Ireland set their corresponding team records for the series by winning 43-13 at Croke Park in 2007 on the day that Ronan O’Gara matched Ollie Campbell’s Irish record of 21 points for a match against the men in white.
Croke Park in fact was an unhappy hunting ground for England while Lansdowne Road was being rebuilt. Martin Johnson was in his first season as coach in 2009 when poor discipline let England down in a 13-14 defeat on their only other visit to the famous stadium.
This week marks the sixtieth anniversary of the first use in print of the expression “Grand Slam” to denote the achievement of beating every other nation in the same rugby season.

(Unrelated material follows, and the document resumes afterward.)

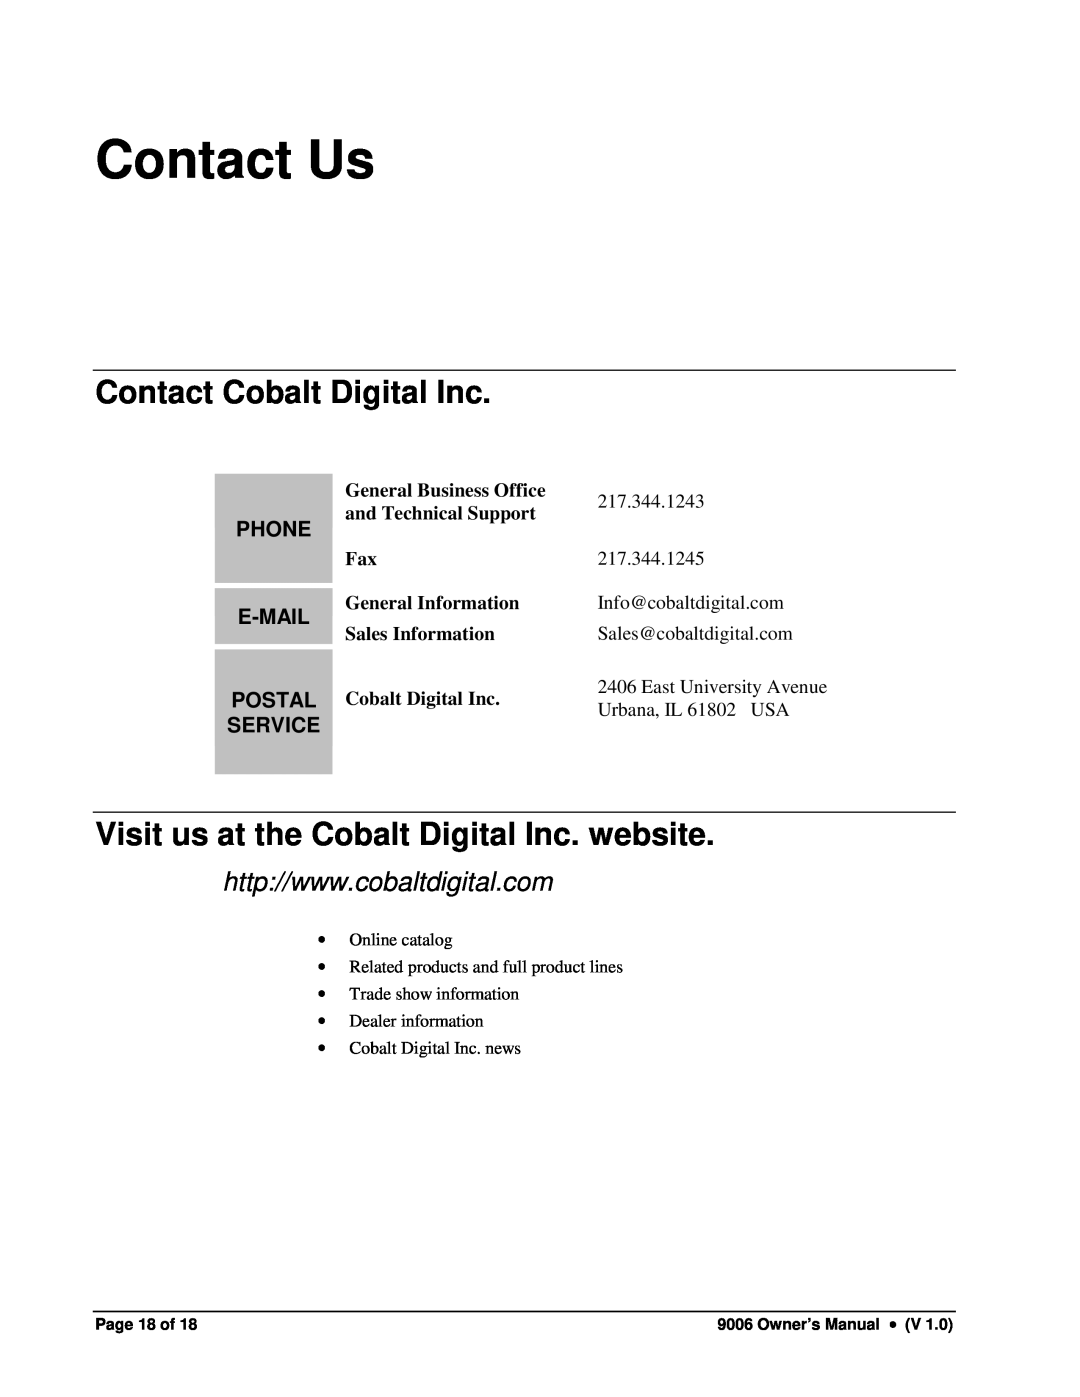 Cobalt Networks 9006 Contact Us, Contact Cobalt Digital Inc, Visit us at the Cobalt Digital Inc. website, Service 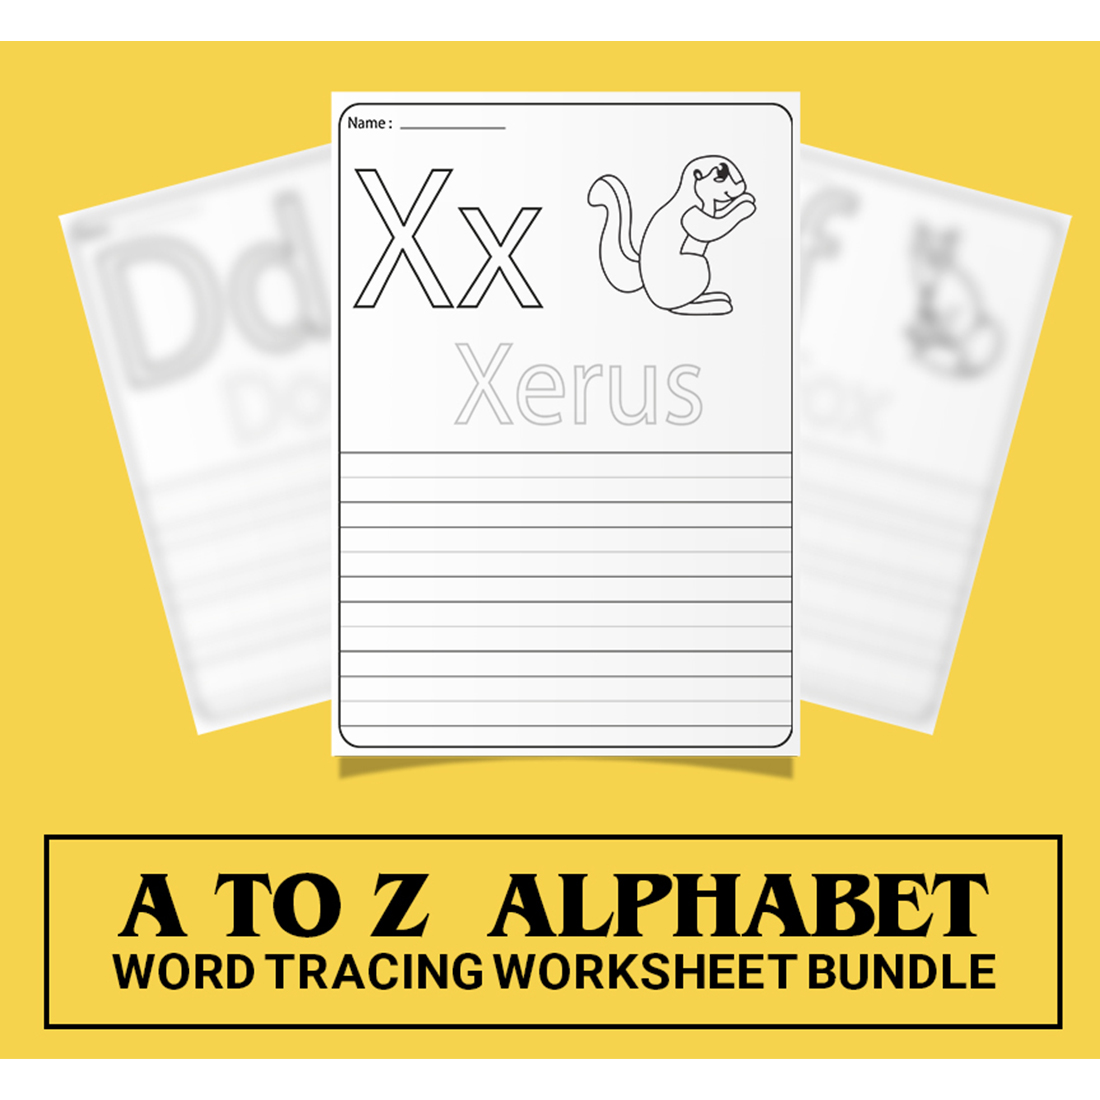 A to Z Mix Alphabets Word Tracing KDP Worksheets Bundle V.1 cover image.

England inspired the phrase (used in the Daily Telegraph and The Times) after hooker Eric Evans’s team beat Scotland at Twickenham to complete an invincible season in 1957.
In the context of this weekend’s game, Irish thoughts will hark back to the great Grand Slam denials of 2001 and 2011 – occasions when confident St George had his hopes blown by St Patrick in the final match.
England on the other hand will look for inspiration to the 42-6 win in 2003 when the Grand Slam was up for grabs for both sides. That was the day Jonny Wilkinson, Will Greenwood, Lawrence Dallaglio and Martin Johnson carried them to the Six Nations’ Holy Grail – the only previous occasion when they clinched it in Dublin.